Asiacrypt 2016

Asiacrypt was held in Hanoi this year and was extremely well organised. There were quite a few papers about elliptic curves, and related areas such as post-quantum cryptography. It is worth noting that the talks were all streamed online and should eventually be able to be viewed on the IACR youtube channel.

The three invited talks were:

  • Nadia Heninger “The Reality of Cryptographic Deployments on the Internet”.

    Nadia described several bad implementations of finite field Diffie-Hellman key exchange, surveying work of several recent papers by many authors. She commented that finite field Diffie-Hellman is prevalent in practice partly due to concerns that elliptic curves might have US government trapdoors.

  • Hoeteck Wee “Advances in Functional Encryption”

    Hoeteck gave a wonderfully clear overview of functional encryption.

  • Neal Koblitz “Cryptography in Vietnam in the French and American Wars”

    Neal gave a fascinating historical talk, based on recent research by himself, the general chair Hieu Phan and others, and drawing on historical resources from museums in Hanoi and the writings of historians and former government employees. Neal emphasized the mathematical and cryptographical ingenuity of the Vietnamese people, as well as powerfully evoking the horrors of war and the heroism of certain individuals (both Vietnamese and American).

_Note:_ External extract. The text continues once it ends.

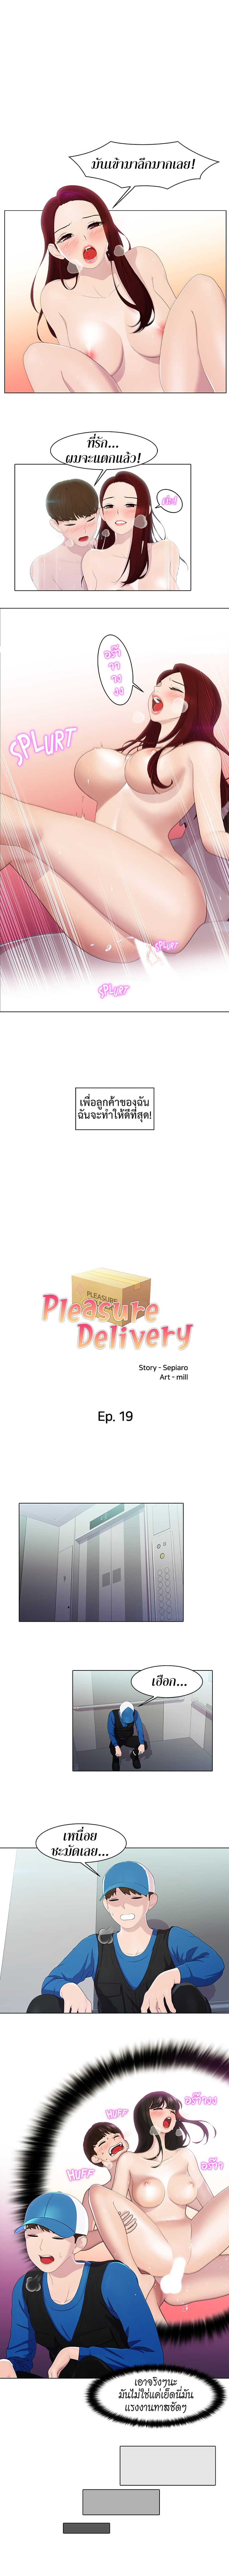 Pleasure Delivery 19 ภาพที่ 2

The best paper award went to Ilaria Chillotti, Nicolas Gama, Mariya Georgieva and Malika Izabachène for “Faster Fully Homomorphic Encryption: Bootstrapping in less than 0.1 Seconds”, which shows that homomorphic encryption (in this case the GSW scheme with packed ciphertexts, together with a bunch of clever new ideas) is gradually becoming closer to practicality. Here is a photo of the best paper award authors with the two program chairs (Tsyoshi Takagi on the left and Jung Hee Cheon on the right).

Some papers related to discrete logarithms and elliptic curves included:

  • Palash Sarkar and Shashank Singh “A General Polynomial Selection Method and New Asymptotic Complexities for the Tower Number Field Sieve Algorithm”.

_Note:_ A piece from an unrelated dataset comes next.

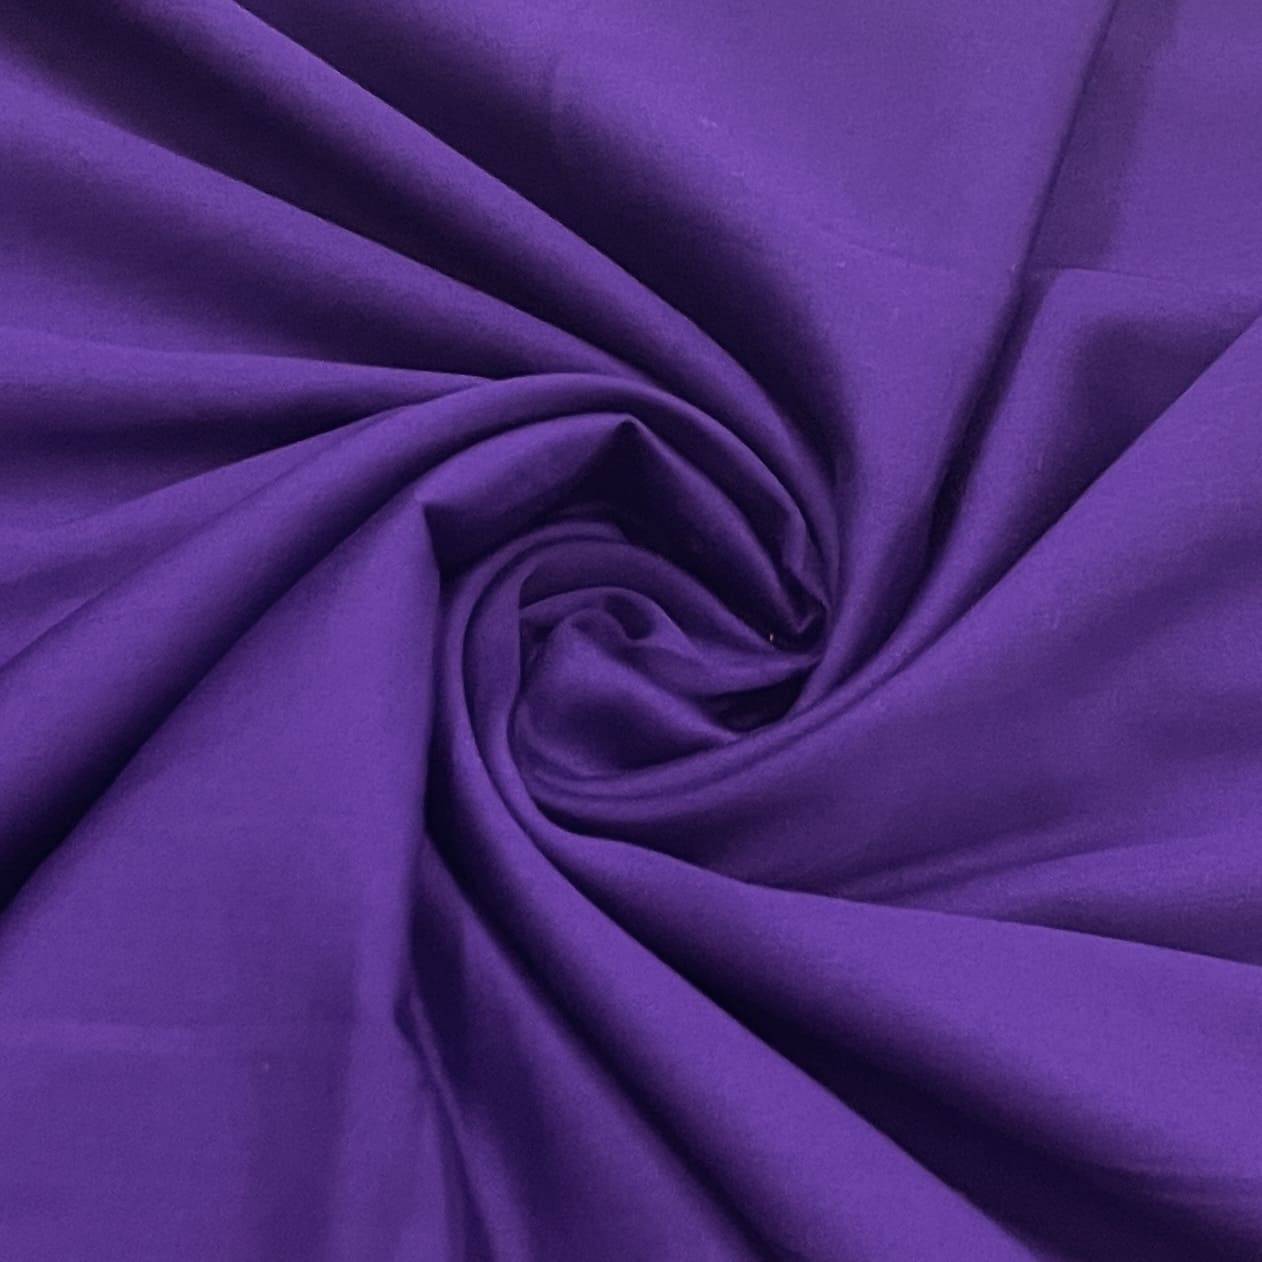 classic violet purple solid cotton satin

    This work is relevant for assessing the security of pairing based cryptography, more details on this application can be found here.

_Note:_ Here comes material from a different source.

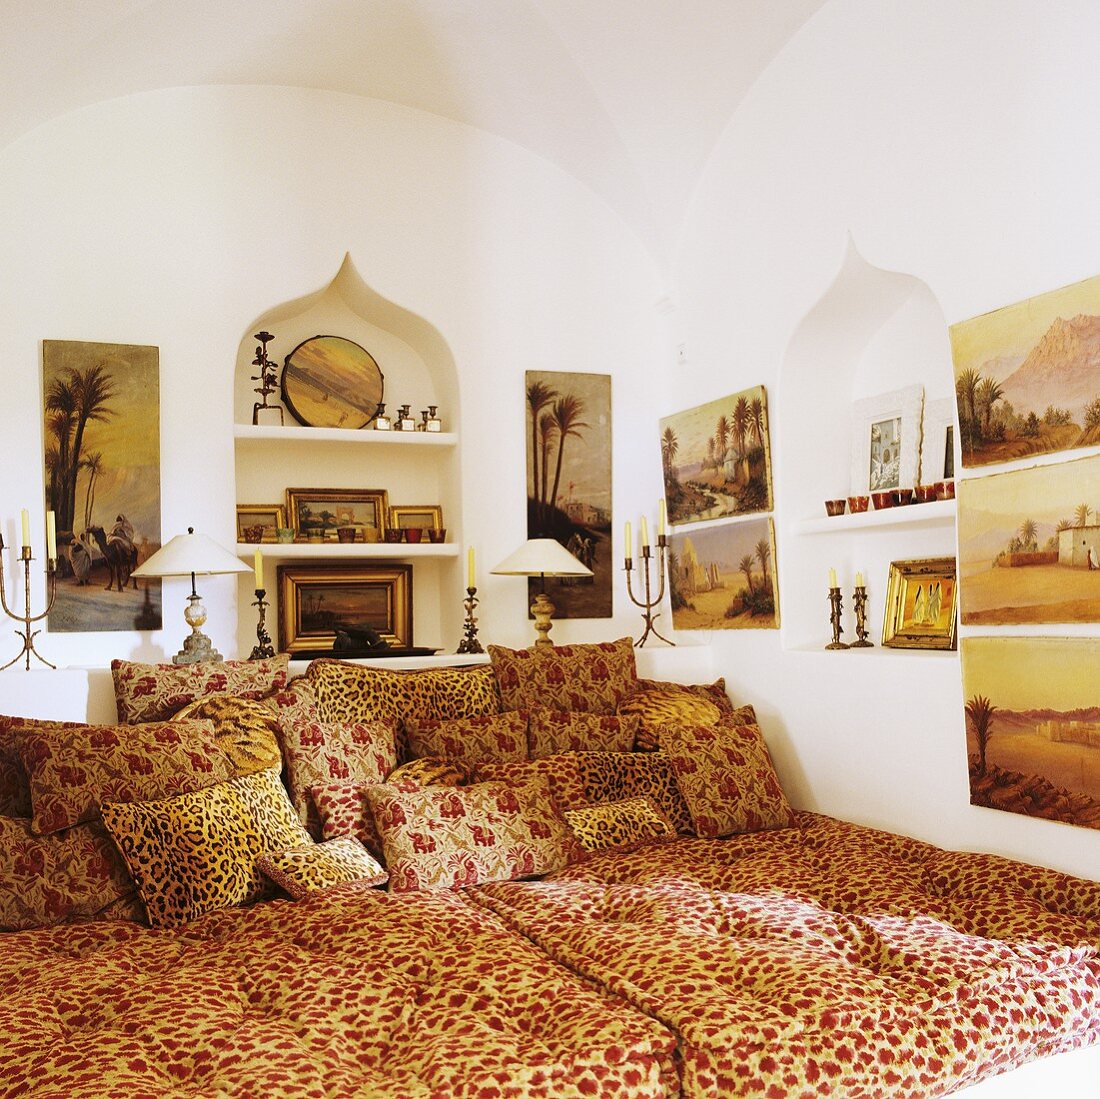 Edles Matratzenlager im Haus mit orientalischem Flair

  • Steven D. Galbraith, Christophe Petit, Barak Shani and Yan Bo Ti “On the Security of Supersingular Isogeny Cryptosystems”

    The paper contains several results about the (potentially post-quantum) isogeny-based key exchange and encryption protocols of De Feo, Jao and Plut.

  • There was an entire session about ABE and IBE, containing papers that use pairings:
    • Nuttapong Attrapadung “Dual System Encryption Framework in Prime-Order Groups via Computational Pair Encodings”
    • Junqing Gong, Xiaolei Dong, Jie Chen and Zhenfu Cao “Efficient IBE with Tight Reduction to Standard Assumption in the Multi-challenge Setting”
    • Melissa Chase, Mary Maller and Sarah Meiklejohn “Déjà Q All Over Again: Tighter and Broader Reductions of q-Type Assumptions”
    • Shuichi Katsumata and Shota Yamada “Partitioning via Non-Linear Polynomial Functions: More Compact IBEs from Ideal Lattices and Bilinear Maps”

  • Paz Morillo, Carla Ràfols and Jorge L. Villar “The Kernel Matrix Diffie-Hellman Assumption”

    This talk is about relations between variants of the Diffie-Hellman problem.

  • Ted Chinburg, Brett Hemenway, Nadia Heninger and Zachary Scherr “Cryptographic applications of capacity theory: On the optimality of Coppersmith’s method for univariate polynomials”

    Ted Chinburg delivered a clear and interesting survey of “capacity theory” (a branch of arithmetic geometry/algebraic number theory) that is relevant to the analysis of Coppersmith’s technique for finding small solutions to polynomial equations. The authors hope these ideas will be useful in other contexts in cryptography/cryptanalysis.

Regarding the increased focus on post-quantum crypto there were talks on multivariate crypto (more efficient Multi-quadratic-polynomial signatures), lattices (Vadim Lyubashevsky presented a result about signatures based on ring-SIS in *any* ring and urged the audience to work on a much harder but more interesting problem relating to LWE in any ring) and code-based crypto (an adaptive attack on a decoding algorithm).

The rump session was chaired by me, and was thankfully short. The best and most entertaining talk was given by Pierre Karpman and Jerome Plut. The social activities included a Water Puppet show and a Vietnamese banquet with traditional music.